[TASK DETAILS]: Retype, exactly as they appear below, the lines between the line holding "Daisies in the meadow at spring time" and the line holding "Listing image of 2362 WESTHILL DRIVE", both ends included.

Stored records:
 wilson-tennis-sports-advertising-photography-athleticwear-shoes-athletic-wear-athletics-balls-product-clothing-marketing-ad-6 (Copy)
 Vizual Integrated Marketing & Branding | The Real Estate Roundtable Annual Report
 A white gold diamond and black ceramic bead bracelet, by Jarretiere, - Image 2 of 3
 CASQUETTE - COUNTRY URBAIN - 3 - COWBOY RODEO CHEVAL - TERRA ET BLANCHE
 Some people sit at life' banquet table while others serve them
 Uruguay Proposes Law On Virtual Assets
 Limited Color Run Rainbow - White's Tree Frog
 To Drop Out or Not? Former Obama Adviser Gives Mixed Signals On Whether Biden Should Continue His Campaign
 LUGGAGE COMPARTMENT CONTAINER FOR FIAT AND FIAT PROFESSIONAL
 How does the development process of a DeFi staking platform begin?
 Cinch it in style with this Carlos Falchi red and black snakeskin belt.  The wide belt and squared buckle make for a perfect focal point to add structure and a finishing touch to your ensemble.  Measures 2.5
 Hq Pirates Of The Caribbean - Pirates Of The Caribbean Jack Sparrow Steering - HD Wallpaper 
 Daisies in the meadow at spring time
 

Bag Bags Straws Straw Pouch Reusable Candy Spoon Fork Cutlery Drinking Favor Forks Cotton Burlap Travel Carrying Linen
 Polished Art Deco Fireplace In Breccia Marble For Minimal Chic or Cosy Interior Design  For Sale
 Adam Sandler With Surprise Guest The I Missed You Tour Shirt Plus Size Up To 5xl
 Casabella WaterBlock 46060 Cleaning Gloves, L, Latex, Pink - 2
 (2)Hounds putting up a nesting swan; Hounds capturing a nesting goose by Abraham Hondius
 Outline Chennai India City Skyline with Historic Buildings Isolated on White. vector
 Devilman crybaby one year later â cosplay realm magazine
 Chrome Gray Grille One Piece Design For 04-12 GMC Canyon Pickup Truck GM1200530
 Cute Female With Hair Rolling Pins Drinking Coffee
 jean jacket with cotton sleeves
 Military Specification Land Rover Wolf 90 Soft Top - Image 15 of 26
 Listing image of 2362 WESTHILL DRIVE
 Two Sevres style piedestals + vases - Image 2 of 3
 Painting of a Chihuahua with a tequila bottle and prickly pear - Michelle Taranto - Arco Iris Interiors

[RESULT OF THIS EXERCISE]:
 Daisies in the meadow at spring time
 

Bag Bags Straws Straw Pouch Reusable Candy Spoon Fork Cutlery Drinking Favor Forks Cotton Burlap Travel Carrying Linen
 Polished Art Deco Fireplace In Breccia Marble For Minimal Chic or Cosy Interior Design  For Sale
 Adam Sandler With Surprise Guest The I Missed You Tour Shirt Plus Size Up To 5xl
 Casabella WaterBlock 46060 Cleaning Gloves, L, Latex, Pink - 2
 (2)Hounds putting up a nesting swan; Hounds capturing a nesting goose by Abraham Hondius
 Outline Chennai India City Skyline with Historic Buildings Isolated on White. vector
 Devilman crybaby one year later â cosplay realm magazine
 Chrome Gray Grille One Piece Design For 04-12 GMC Canyon Pickup Truck GM1200530
 Cute Female With Hair Rolling Pins Drinking Coffee
 jean jacket with cotton sleeves
 Military Specification Land Rover Wolf 90 Soft Top - Image 15 of 26
 Listing image of 2362 WESTHILL DRIVE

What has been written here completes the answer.